Leinen and Swenson discovered their past training in cyber fields helped with the computer modeling programs they use in their origins research.
“It feels like I’ve made a giant circle coming back to the skills of my first major,” Swenson said. “I didn’t think those cyber operations skills would come in handy, but if I hadn’t had the background in computing, I would not have known where to start with the modeling programs.”
Using his experience from network security, Leinen now sees how computer technology fits with scientific principles such as thermodynamics. “They come together almost seamlessly in the actual experimental realm,” he said. VanderWilt, a freshman computer science and math major, is also helping with the modeling.
The origins research is also expanding the students’ knowledge about research goals in general. Juntunen’s previous research experience has had a singular direction, while origins chemistry is a “wide-open frontier,” she said.
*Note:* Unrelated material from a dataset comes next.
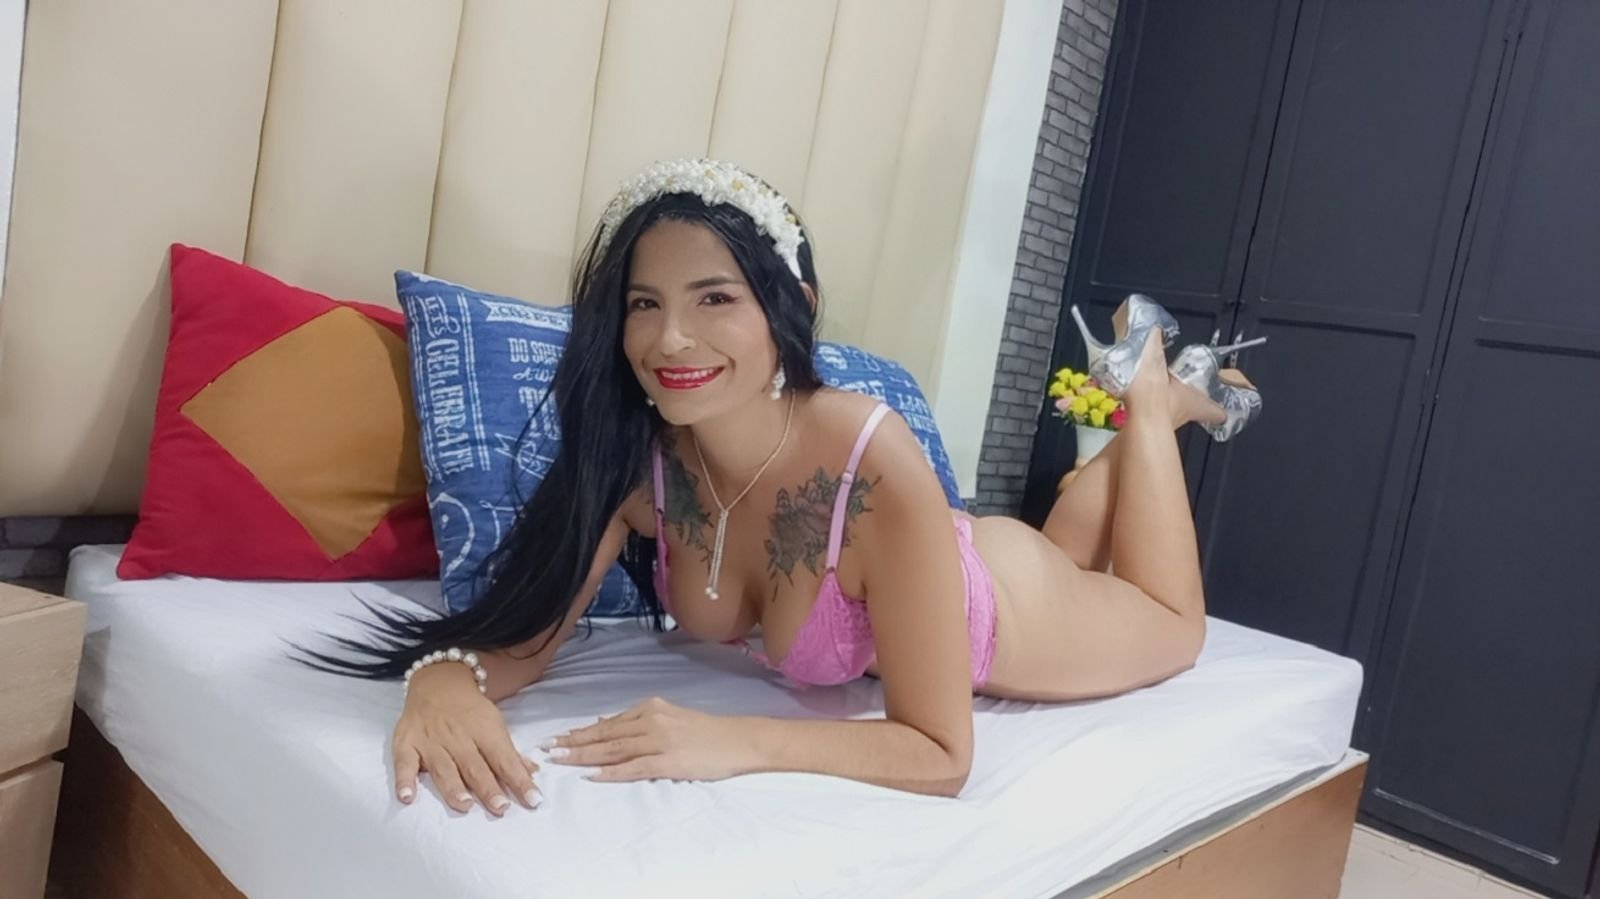 SkyPrivate live sex chat with KarolynRoss
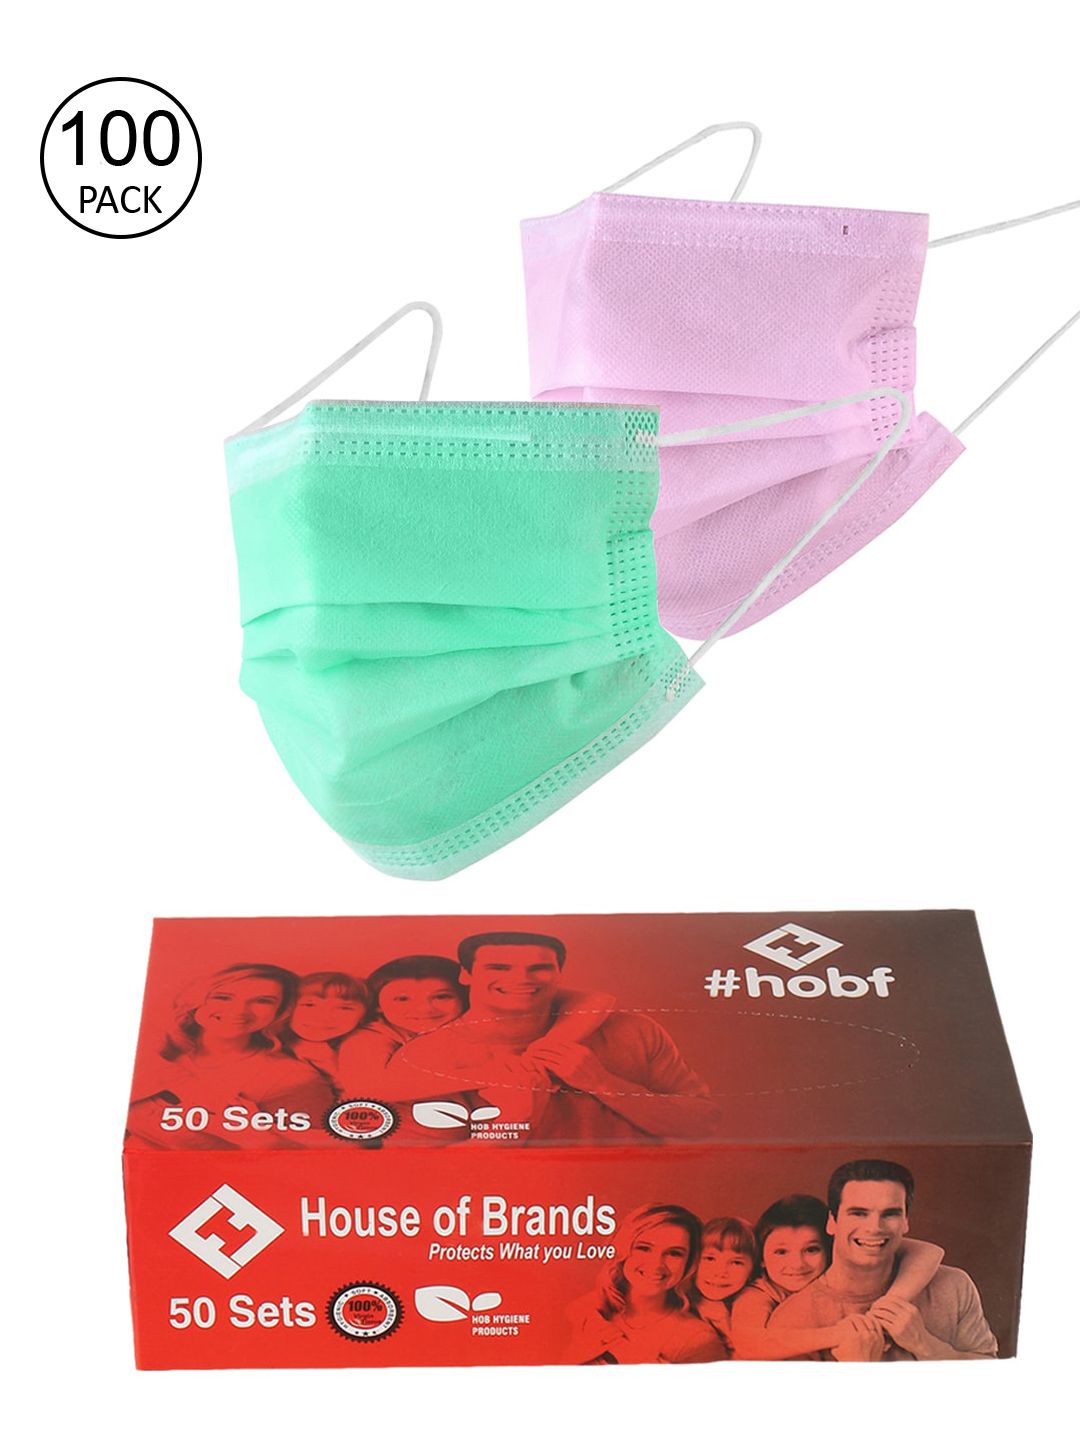 LONDON FASHION hob Unisex Pack of 100 3-Ply Anti-Pollution Disposable Ultrasonic Surgical Masks Price in India

The benchtop experiments that she and Pitts have worked on show how different projects can have a different focus.
“As we keep running samples and collecting data, we keep coming to new conclusions and new answers, which provoke new questions and a refocusing of your direction,” Juntunen said. This is a lesson in “how to narrow my view of research to one thing to get data.”
The scope of origins chemistry made an impression for Pitts, a former education major. “I did not realize how big the field of origins chemistry is.”
“Doing origins work in the undergraduate world is novel,” Gaylor said, but he has found a way to expand that opportunity to DSU students who will not attend the conference. Students in his fall organic chemistry lab performed some origins experiments. These served a double role, as a teaching tool for organic chemistry techniques, and as a method to generate useful data. “If this work develops into a paper, we will include all the lab students as authors,” said Gaylor.
Theoretical research can also reap benefits for society in general. Gaylor noted that “amazing things” such as LEDs (light-emitting diodes), artificial limbs, and infrared ear thermometers are technologies that resulted from NASA space program research. The same may be true of origins research.
“We initially ask the question of ‘how did life on Earth begin’ because we are curious beings and need to know how life evolved,” Gaylor said, “but all new knowledge and technologies serve a greater societal good, and can bring about practical benefits.”